Anderson doesn’t try to cover every possible aspect of life humility can transform, but the areas on which she does focus are ones to which every reader will relate. Indeed, there is an entire cottage industry of books dedicated to helping women overcome their body image issues, or find contentment or so forth. I’ve certainly read my share of them. “Humble Roots” exposes why so many of them failed to have the intended effect. Too often, they encourage us to simply pull at the stems and leaves of an issue, while leaving its roots behind, permitting the toxic growth to begin all again. “Humble Roots” shows how to wield humility like a trowel, to dig under the pride that is at the root of so many of the issues that rob us of joy and cause anxiety, and cast those sins aside for good.

For example, on body image she says this:

“Simply learning to ‘love your body’ will not free you from shame because, at times, your body will feel very unlovable. What will free you from shame is…accepting that you are not and were never meant to be divine.”(pg.89)

On pursuing goals and plans she writes,

“It is precisely through the process of learning to plan that we learn to depend on the God who makes our plans happen. Pride, on the other hand, demands to know God’s will before it will act.” (pg.159)

and

“Part of humility means trusting God with our plans and submitting to the possibility that they will not be fulfilled. But part of humility also means trusting God with our plans and submitting to the possibiility that they will be fulfilled in ways we cannot imagine…the humble also understand that the possibility of failure is no reason not to work.” (pg. 167)

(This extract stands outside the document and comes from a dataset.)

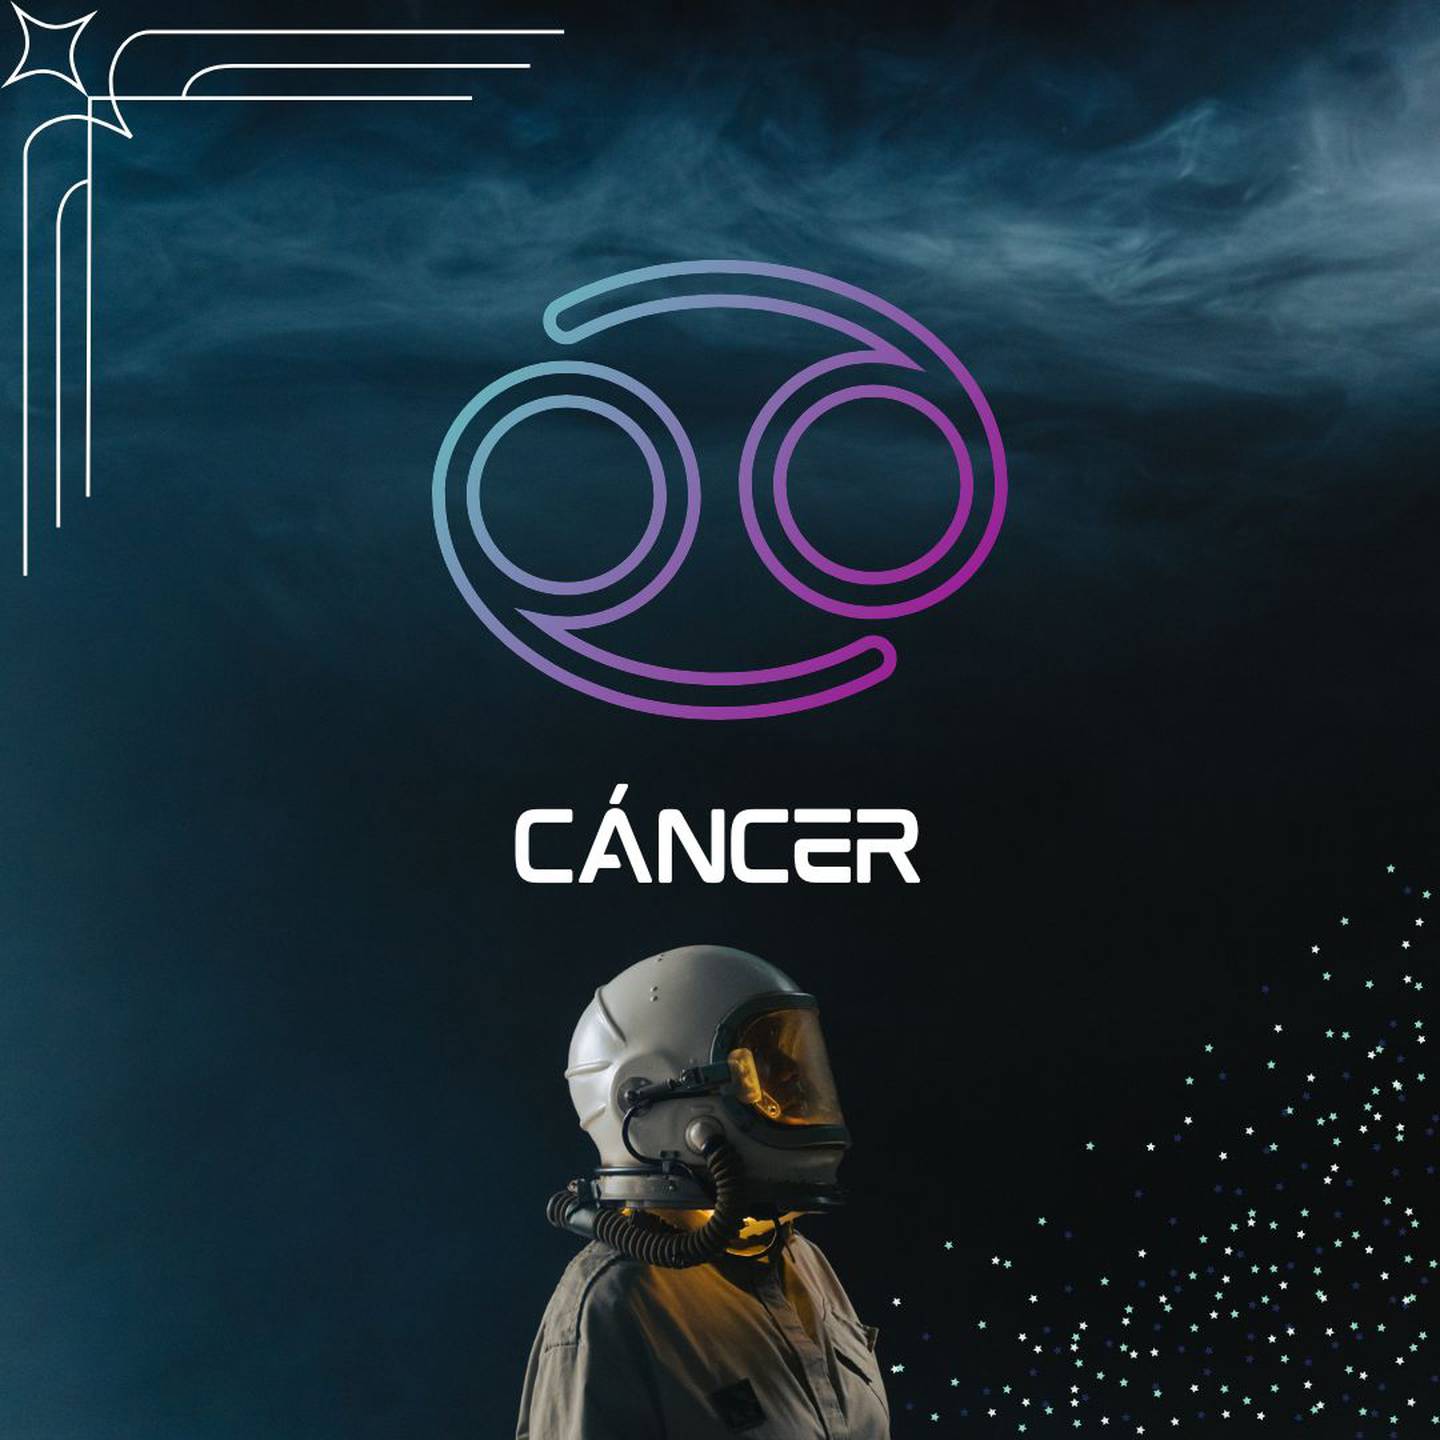 Sobre un fondo oscuro, con humo en la parte superior, aparece el símbolo de Cáncer. Al centro aparece el nombre del signo en color blanco y todavía más abajo, un astronauta está mirando hacia la derecha.

And on pursuing a godly perspective on our differing gifts and privilege, she notes (with a gentle dig at the premise of a famous best selling book for women on gratitude)

“When we consider our resources, it is not simply enough to count our one thousand gifts. Our one thousand gifts are actually one thousand opportunities: the very means by which God intends to seed His world.”(pg. 149)

With the beautiful prose and thoughtful turns of phrases that are her trademark, “Humble Roots” establishes Anderson as a writer and thinker who communicates theologically deep and culturally subversive ideas in a deceptively simple and beautiful way. As with “Made For More”, supporting quotes and anecdotes from popular works of literature like “Pride and Prejudice” and ”The Fellowship of the Ring”, as well as more scholarly works by Anne Marie Slaughter, Isaac Watts, and others, are sprinkled throughout the book. The stories she tells about her failed efforts to grow pole beans, or her struggles to understand her husband’s expensive enthusiasm for heirloom apples, are refreshingly self-deprecating (as perhaps is appropriate for a book on humility!). And you shouldn’t read the final chapter until you have some Kleenex and a quiet spot to compose yourself after you ugly-cry.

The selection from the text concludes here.